Advanced Malware Analysis
Overview
Malware authors sometimes take deliberate steps to thwart the reverse engineering of their malware. This course is focused on advanced topics related to combating malware defense mechanisms. Designed for the experience d malware analyst, a robust skill set in x86 architecture and the Windows APIs is essential. Students will learn how to specifically combat against anti-disassembly, anti-debugging and anti-virtual machine techniques. Students will also learn how to defeat packed and armored executables and will be challenged to demonstrate these skills several times throughout the course.
Additional topics covered will include malware stealth techniques, such as process injection and rootkit technology; analyses of samples written in alternate programming languages, such as Delphi and C++; and a review of available tools and techniques. All concepts and materials presented are reinforced with demonstrations, real-world case studies, follow-along exercises, and student labs to allow students to practice what they have learned. This class is taught by senior FLARE Malware Analysts who are experienced in fighting through the state-of-the-art malware armor.
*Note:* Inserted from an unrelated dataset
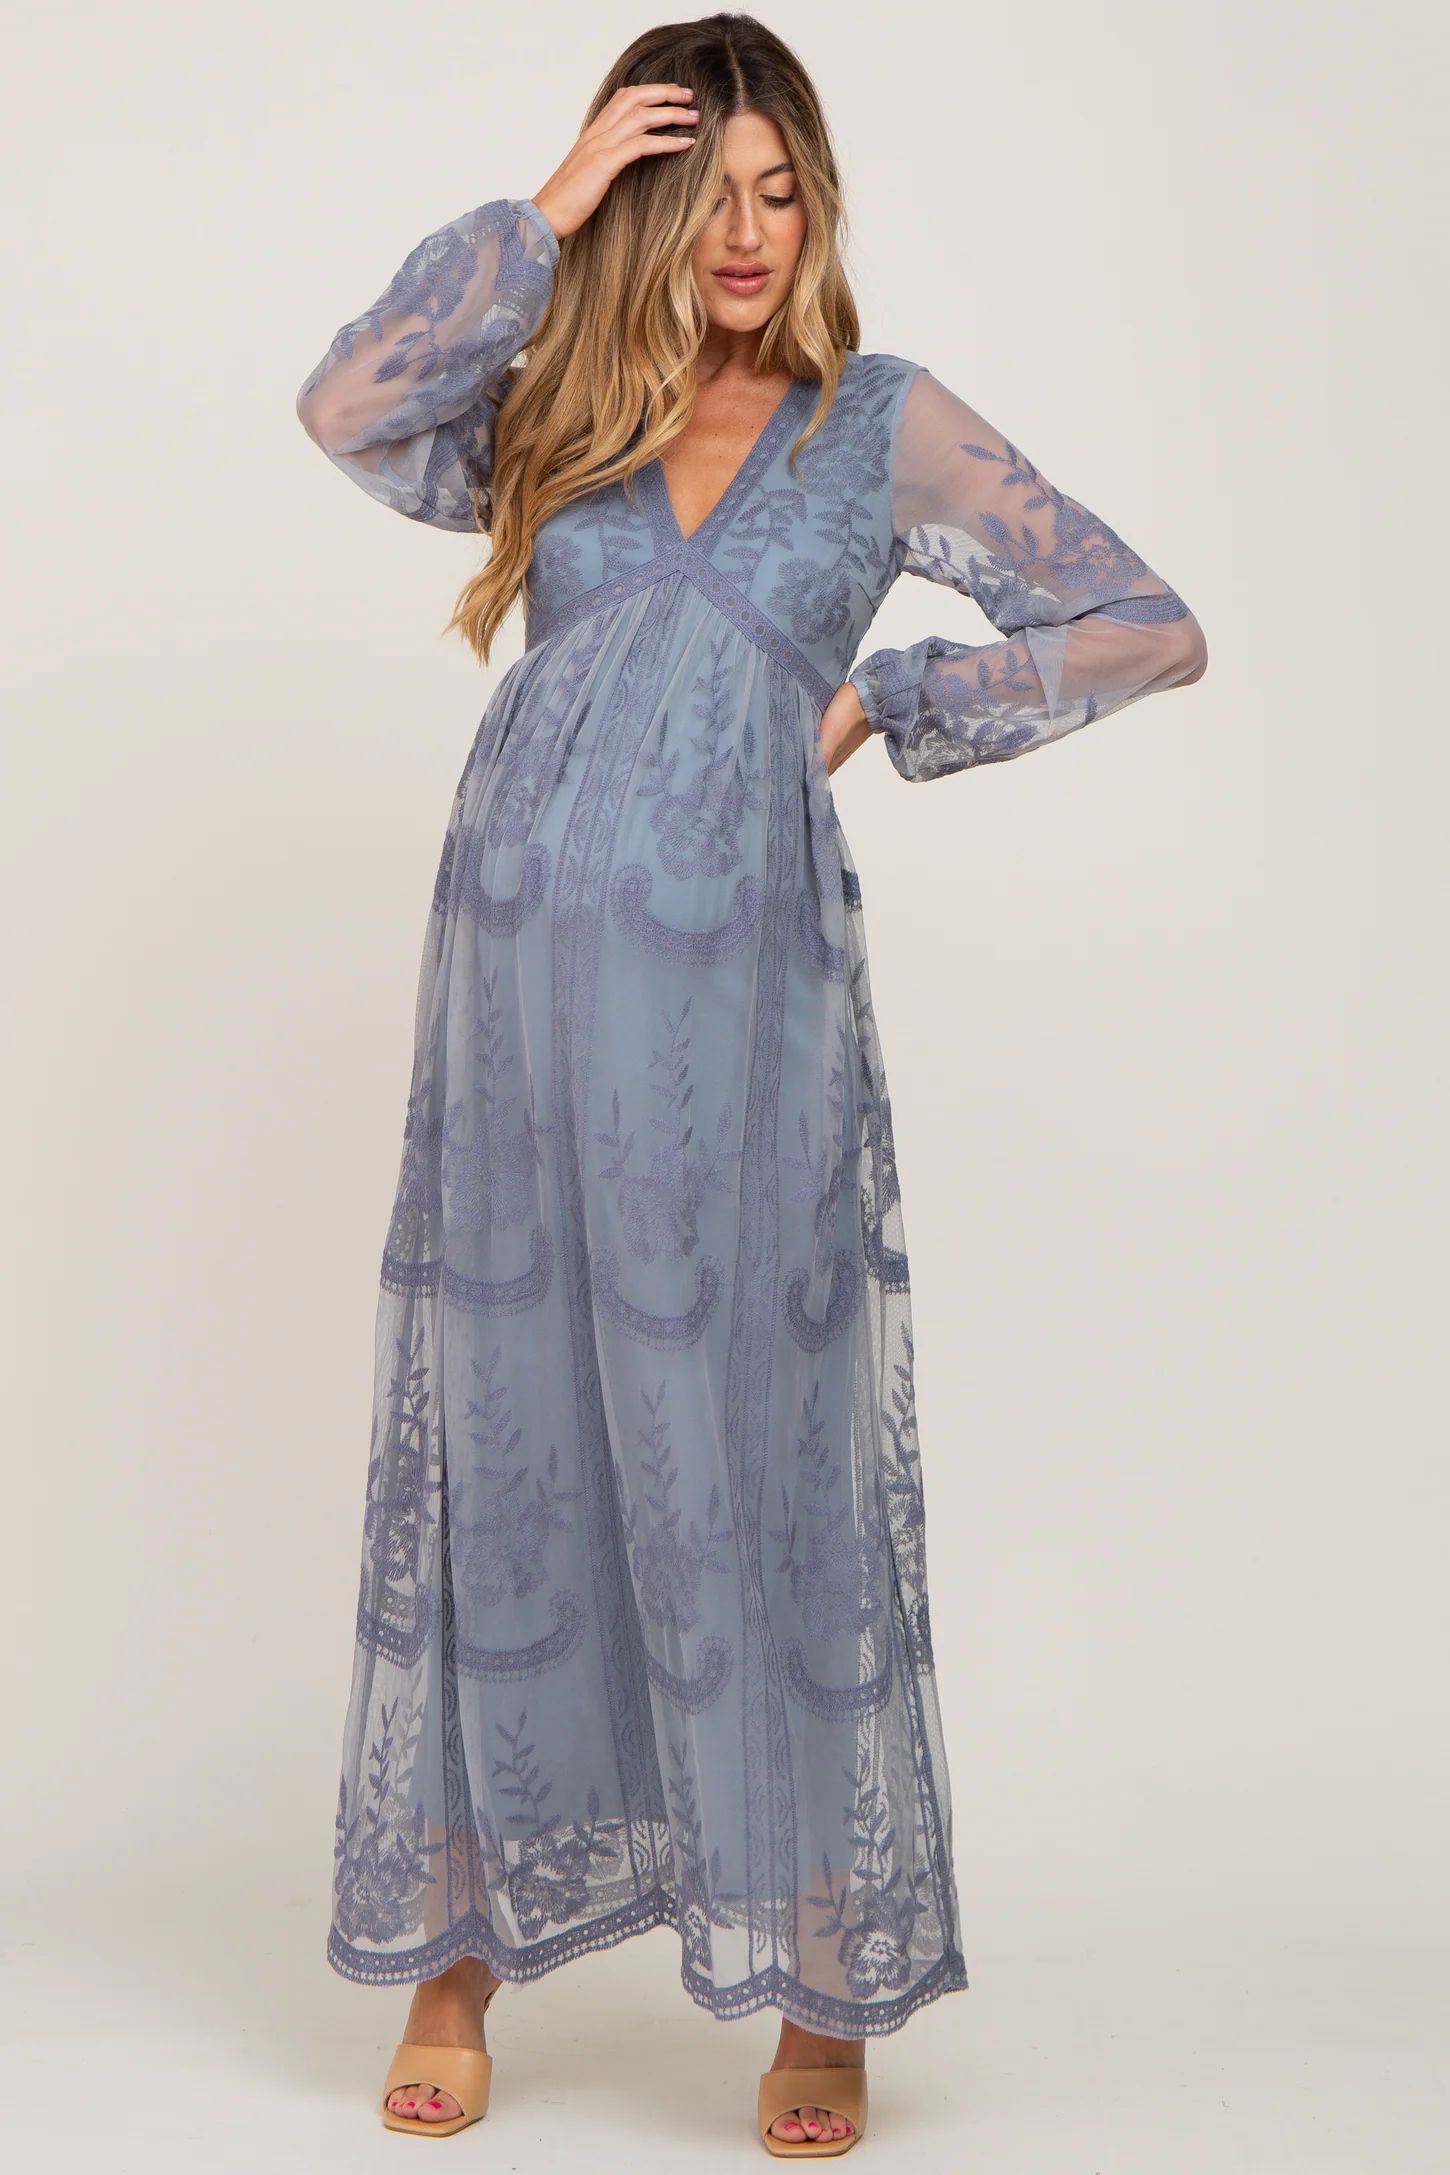 PinkBlush Blue Grey Lace Mesh Overlay Long Sleeve Maternity Maxi Dress | PinkBlush Maternity

Who Should Take this Course
Intermediate to advanced malware analysts, information security professionals, forensic investigators or others requiring an understanding of how to overcome difficult challenges in malware analysis.
Student Requirements
- Excellent knowledge of Windows operating system and API
- Strong knowledge of the x86 architecture is required
- Computer programming experience
- Some training or experience in malware analysis
- Experience using IDA Pro
What Students Should Bring
- Students must bring their own laptop with VMware Workstation, Server or Fusion installed (VMware Player is acceptable, but not recommended). Laptops should have at least 20GB of free space.
- A licensed copy of IDA Pro is highly recommended to participate in ALL labs, but the free version can be used in most cases.
What Students Will Be Provided With
- A student manual
- Class handouts
- Mandiant gear
Trainers
Claudiu Teodorescu is a Staff Reverse Engineer in FireEye's FLARE team. Prior to joining FireEye, Claudiu worked for Guidance Software, writing forensic parsers for different file formats to support the EnCase forensic tool. Also, as the Cryptographic Officer of the company, he supported EnCase integration with different disk/volume/file based encryption products including Bitlocker, McAfee EEPC, Checkpoint FDE, Symantec EEPC, etc. Claudiu has presented research on Windows Management Instrumentation database at B-Sides LV and Defcon 2015. He was also a member of the team that won the 2015 Volatility plugin contest with the
"shimcachemem" plugin.
Alex Berry is Senior Manager, FLARE Team at FireEye Inc
Tyler Dean is a Reverse Engineer with the FireEye Labs Advanced Reverse Engineering (FLARE) team. With the FLARE team, Tyler has taught several malware analysis classes and is the primary developer of the debugger scripting framework flare-dbg. Prior to the FLARE team, Tyler worked at two U.S. research labs, Sandia National Labs and SEI/CERT performing forensics and malware reverse engineering. Tyler received a master's degree from Carnegie Mellon University in information security.